Ran zpool status -v and was initially told that there was an error in file '0x0'. Ran a scrub and now it says:

~# zpool status -v
pool: first_NAS
state: ONLINE
status: One or more devices has experienced an error resulting in data
corruption. Applications may be affected.
action: Restore the file in question if possible. Otherwise restore the
entire pool from backup.
see: http://illumos.org/msg/ZFS-8000-8A
scan: scrub repaired 448K in 1h37m with 8 errors on Mon May 4 22:18:39 2015
config:

NAME STATE READ WRITE CKSUM
first_NAS ONLINE 0 0 8
raidz1-0 ONLINE 0 0 16
gptid/acf0de37-9dd9-11e2-b519-001aa0149149 ONLINE 0 0 4
gptid/adf8a5c5-9dd9-11e2-b519-001aa0149149 ONLINE 0 0 2
gptid/aea9f082-9dd9-11e2-b519-001aa0149149 ONLINE 0 0 1

errors: Permanent errors have been detected in the following files:

/var/db/system/cores/python2.7.core

What is the best way to repair this? It doe snot appear that any of my data has been affected. Backup and wipe? Can/should I reinstall Freenas from scratch then use my config to restore the pool? It appeqars to be in the OS area and may affect any updated (python). There is also an update for it, but I have not clicked on it until I get this error resolved.

Regards,

Keith​
 
Last edited:

DrKK

FreeNAS Generalissimo
Joined
Oct 15, 2013
Messages
3,630
I think the best way to fix the problem is to get a motherboard that was not build in 2005. :) You almost certainly bought RAM that is not compatible with this workstation, resulting in the kernel panic. A quick view of the prices available from trustable vendors for this type of RAM indicates that you would be spending more on RAM for this machine than the machine itself would be worth.

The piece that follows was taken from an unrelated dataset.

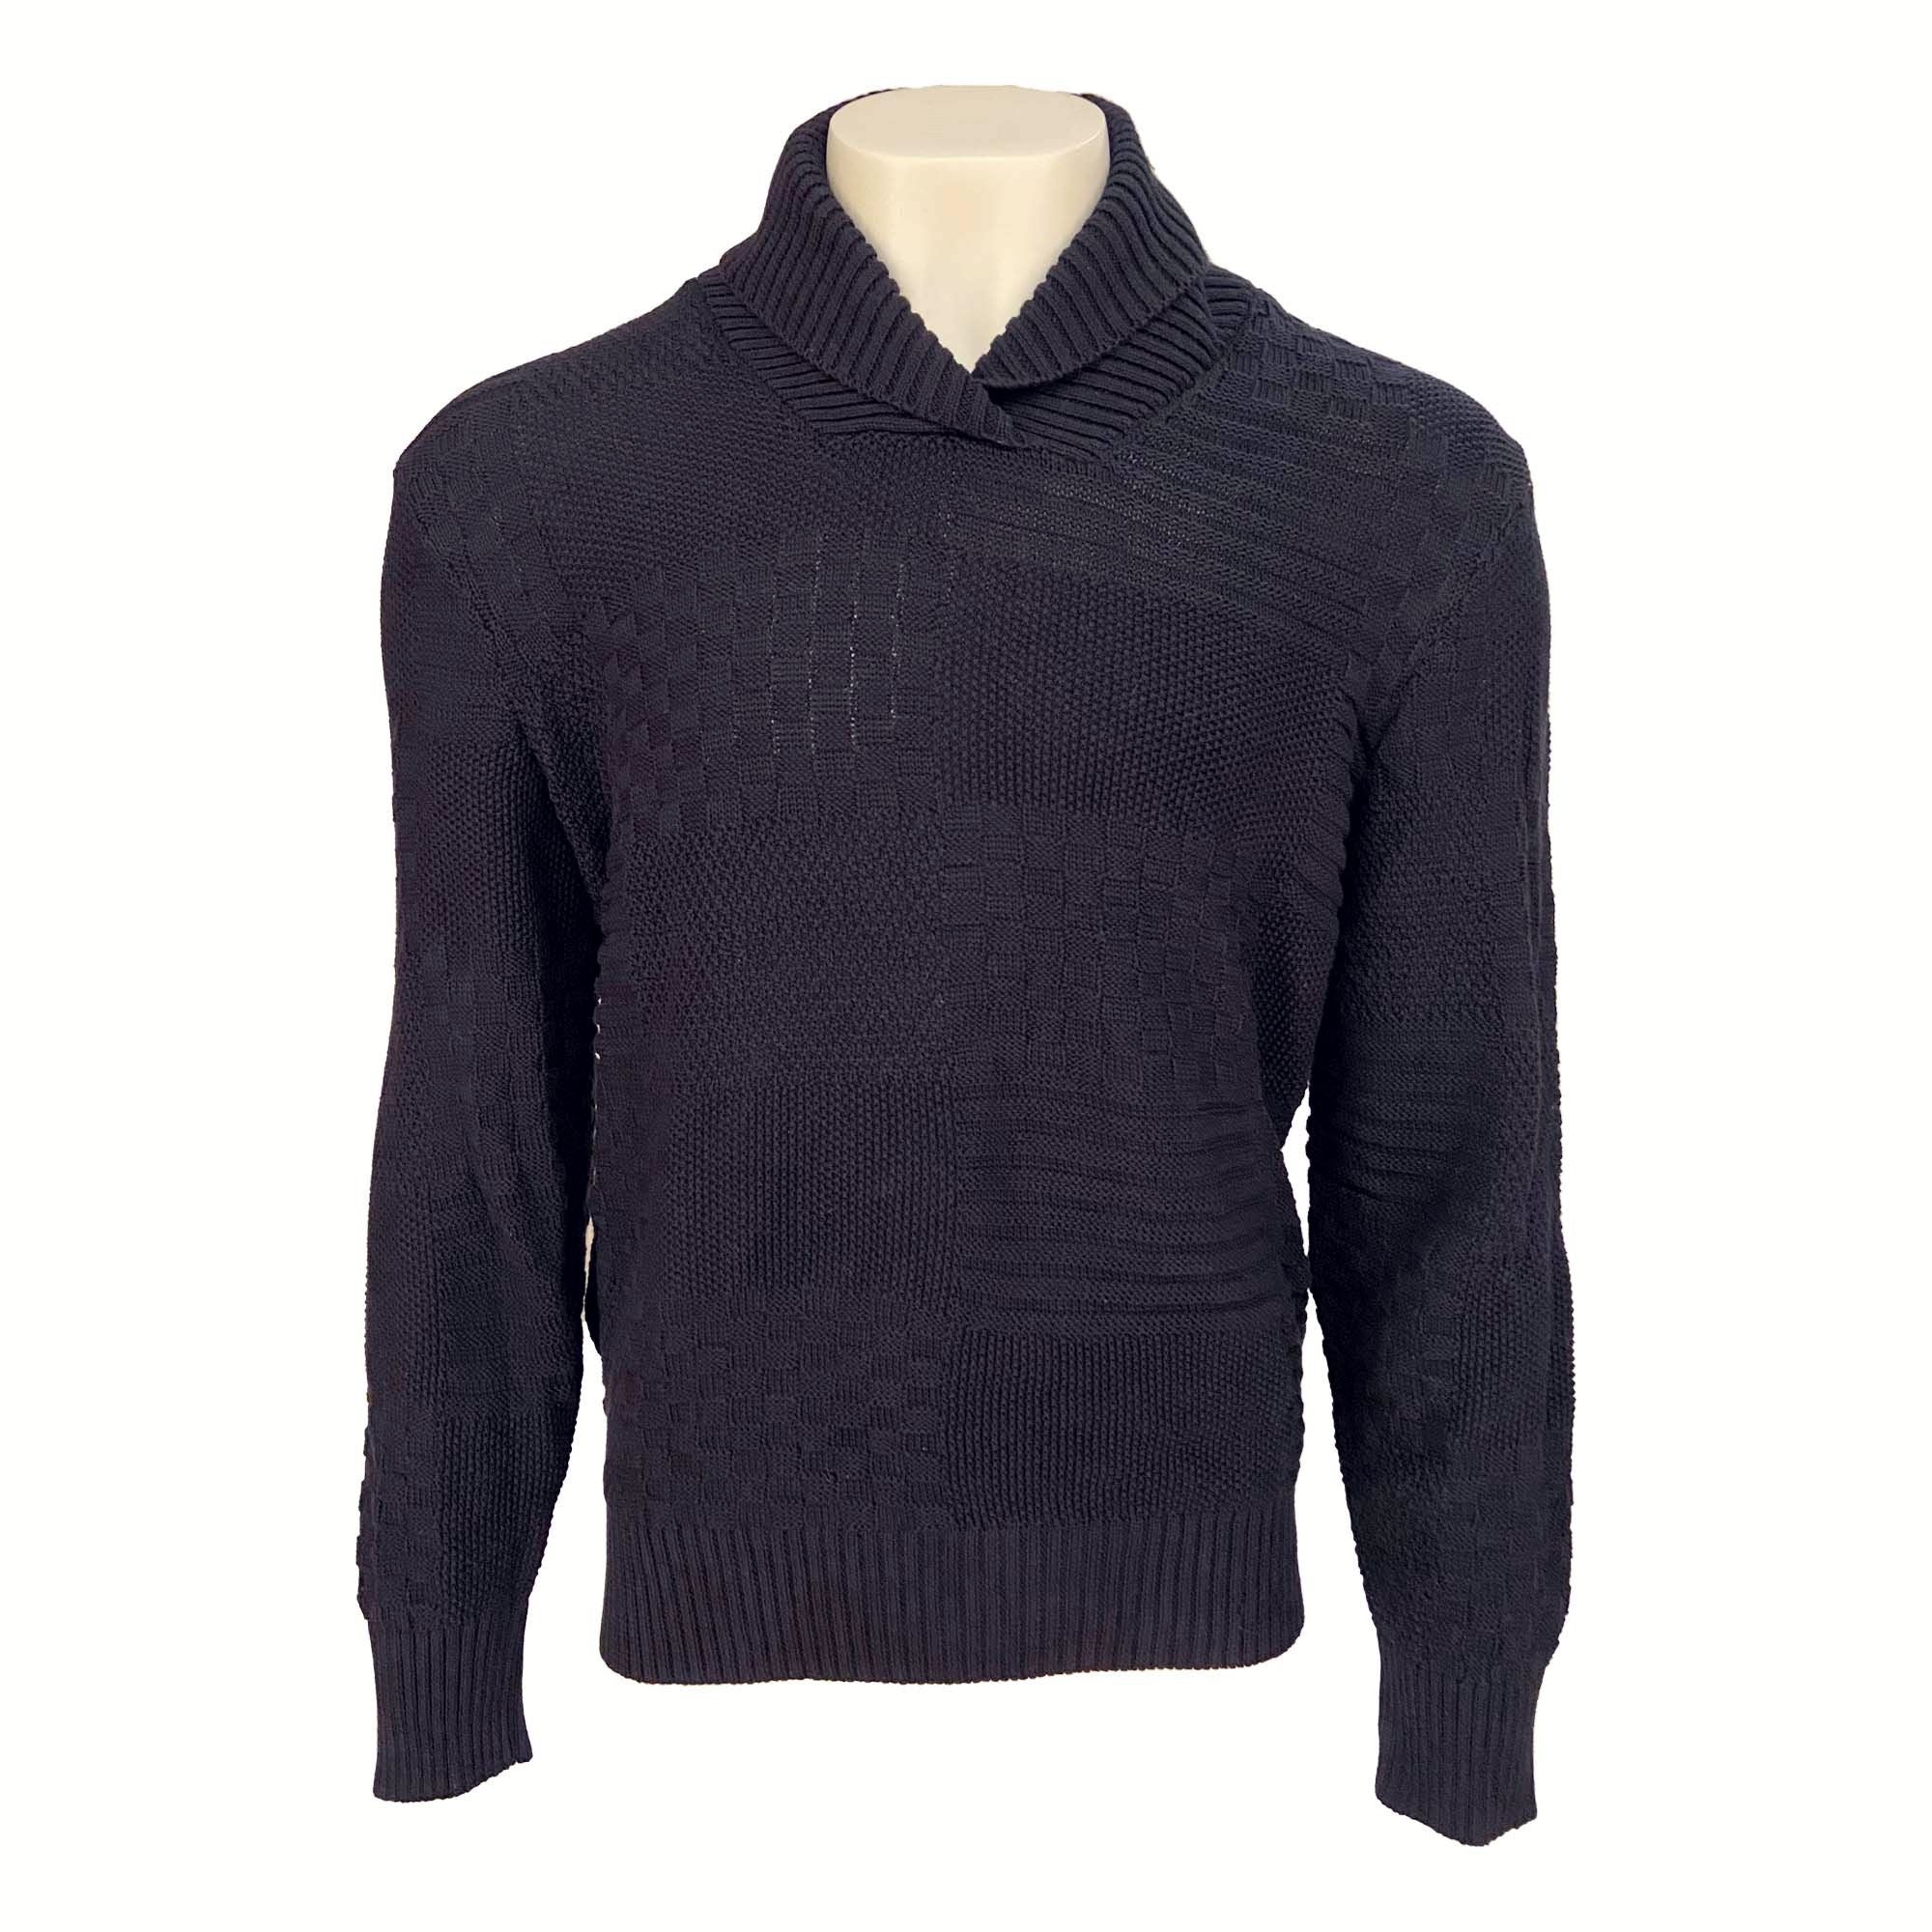 Cotton Blend Textured Shawl Collar Sweater in Navy by Viyella

Maybe someone else can comment, but I think you'll be fine if you simply reinstall the FreeNAS and restore your config. We don't recommend running with 6GB. It could be a ticking time bomb.
 

keithg

Explorer
Joined
May 15, 2013
Messages
92
Actually, I poked around a bit. The only file found in 2 scrubs was that file listed above which is a core file from the failed boot. I deleted the file and scrubbed again. This time it looks like normal, no errors. I rebooted and it comes up clean with no alerts or warnings.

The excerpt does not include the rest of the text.